These Unprecedented Circumstances

Students lie in front of the Memorial ChurchStudents lie at the steps of Memorial Church, spilling out into Harvard Yard, wearing masks that said “I Can’t Breathe.” Those students were protesting the lack of indictments in the death of Eric Garner, who died, saying those words, at the hands of the police in 2014. (Memorial Church file photo)

Dear friends,

In April, our Pilgrimage Reading Group met over Zoom to discuss Dr. Martin Luther King, Jr.’s last book, Where Do We Go From Here: Chaos or Community? Dr. King’s question felt as urgent that evening as it ever had in the fifty-two years since the book was published; it feels even more urgent today.
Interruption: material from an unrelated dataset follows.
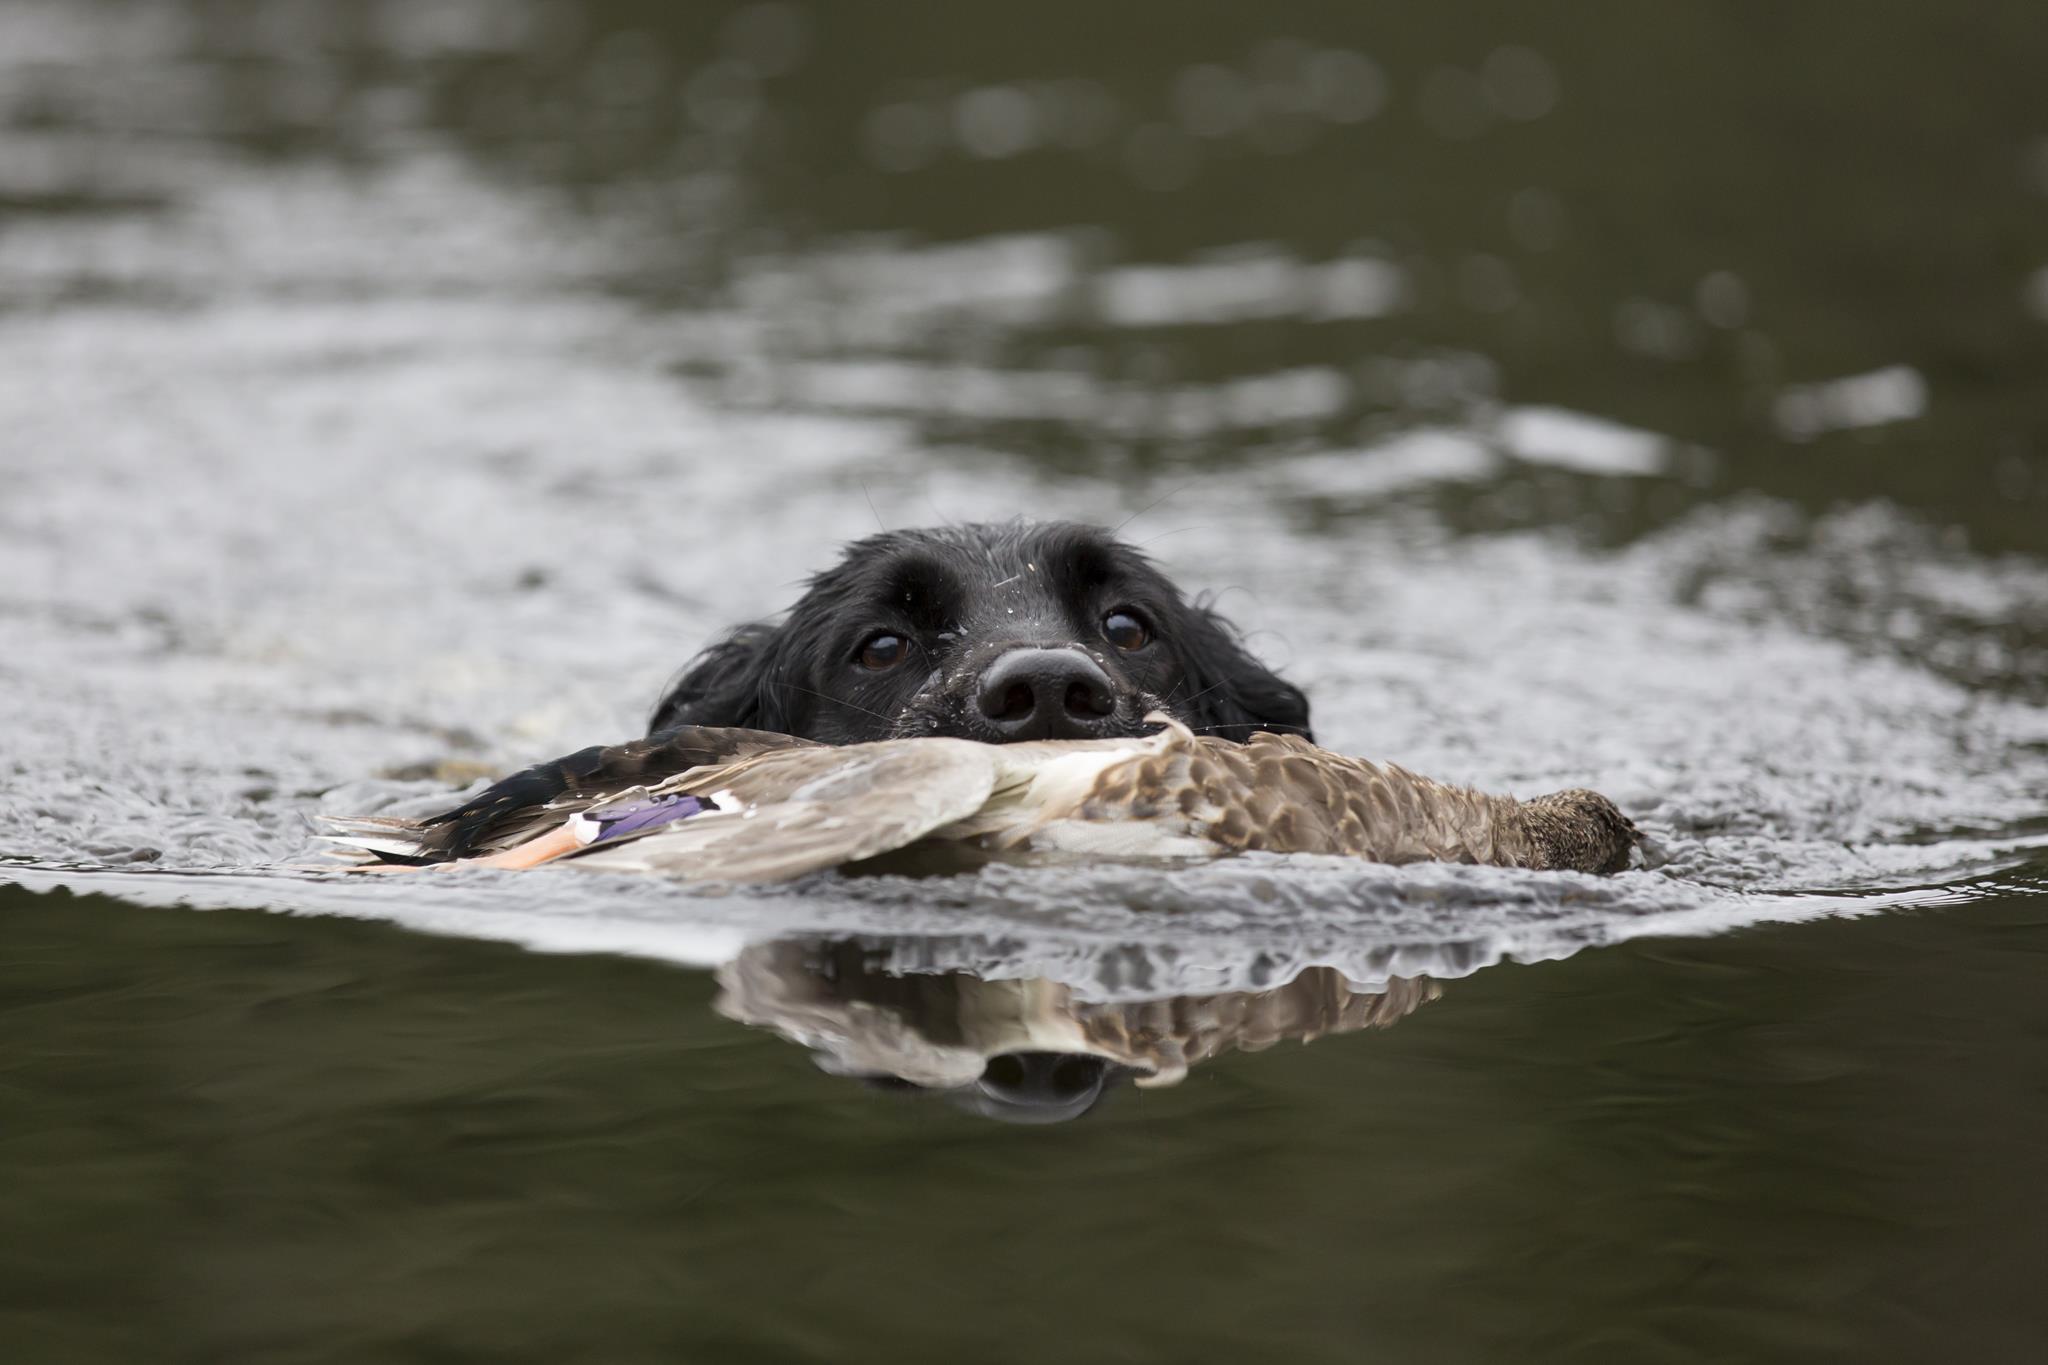 Hunden apporterar den skjutna anden simmande.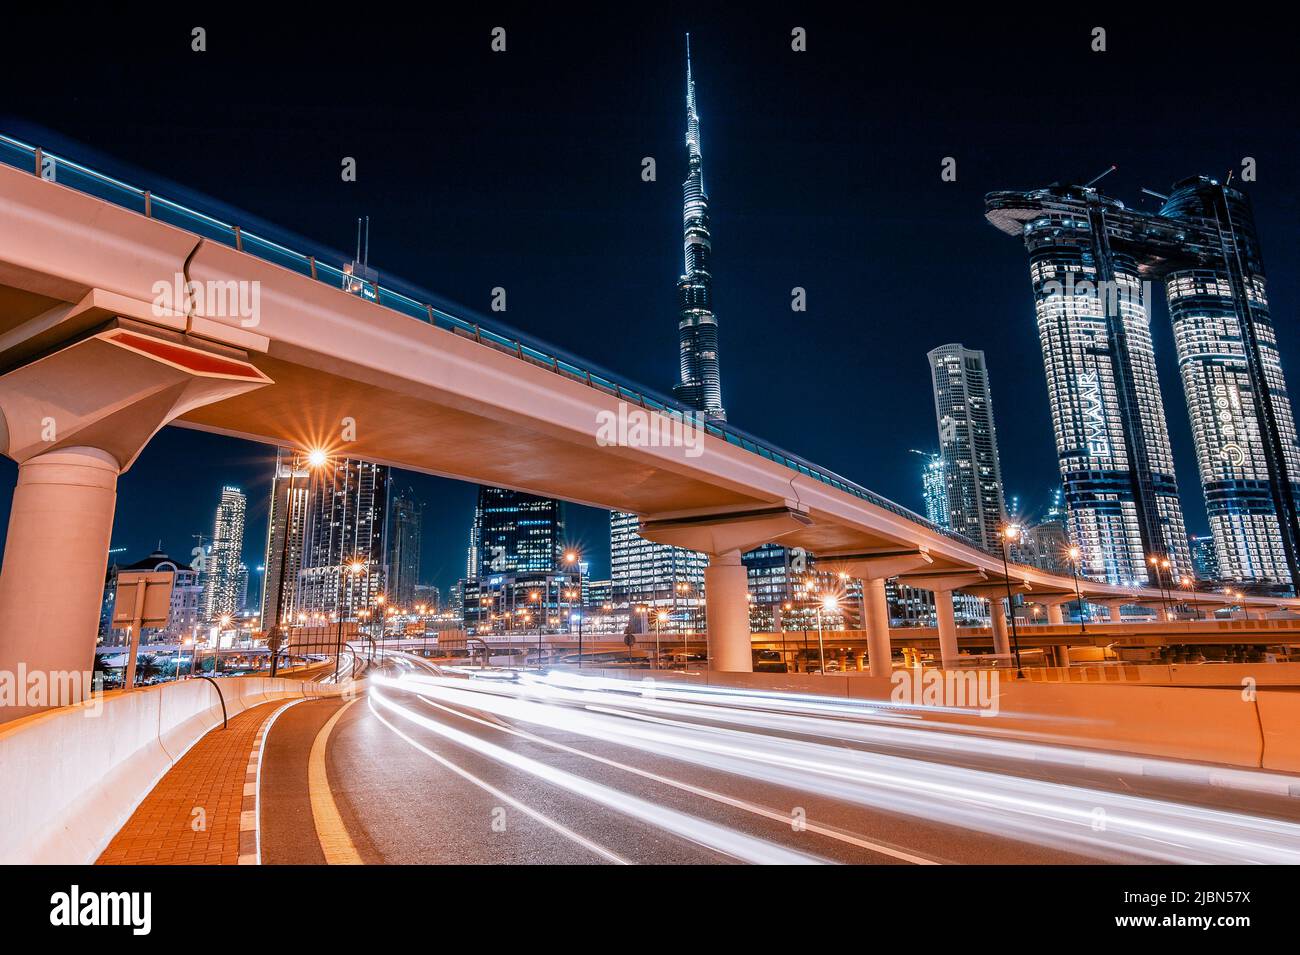 Dubaï, Émirats arabes Unis : métro et voitures rapides la nuit dans le centre-ville de Dubaï avec le plus haut bâtiment du monde, le Burj Khalifa, en arrière-plan. Banque D'Images

In the book, Dr. King names three problems that threaten the well-being and survival of our society:  poverty, war, and racism. Racism he describes as a “corrosive evil” that wears away at our common life. “If Western civilization does not now respond constructively to the challenge to banish racism,” he writes, “some future historian will have to say that a great civilization died because it lacked the soul and commitment to make justice a reality for all men.”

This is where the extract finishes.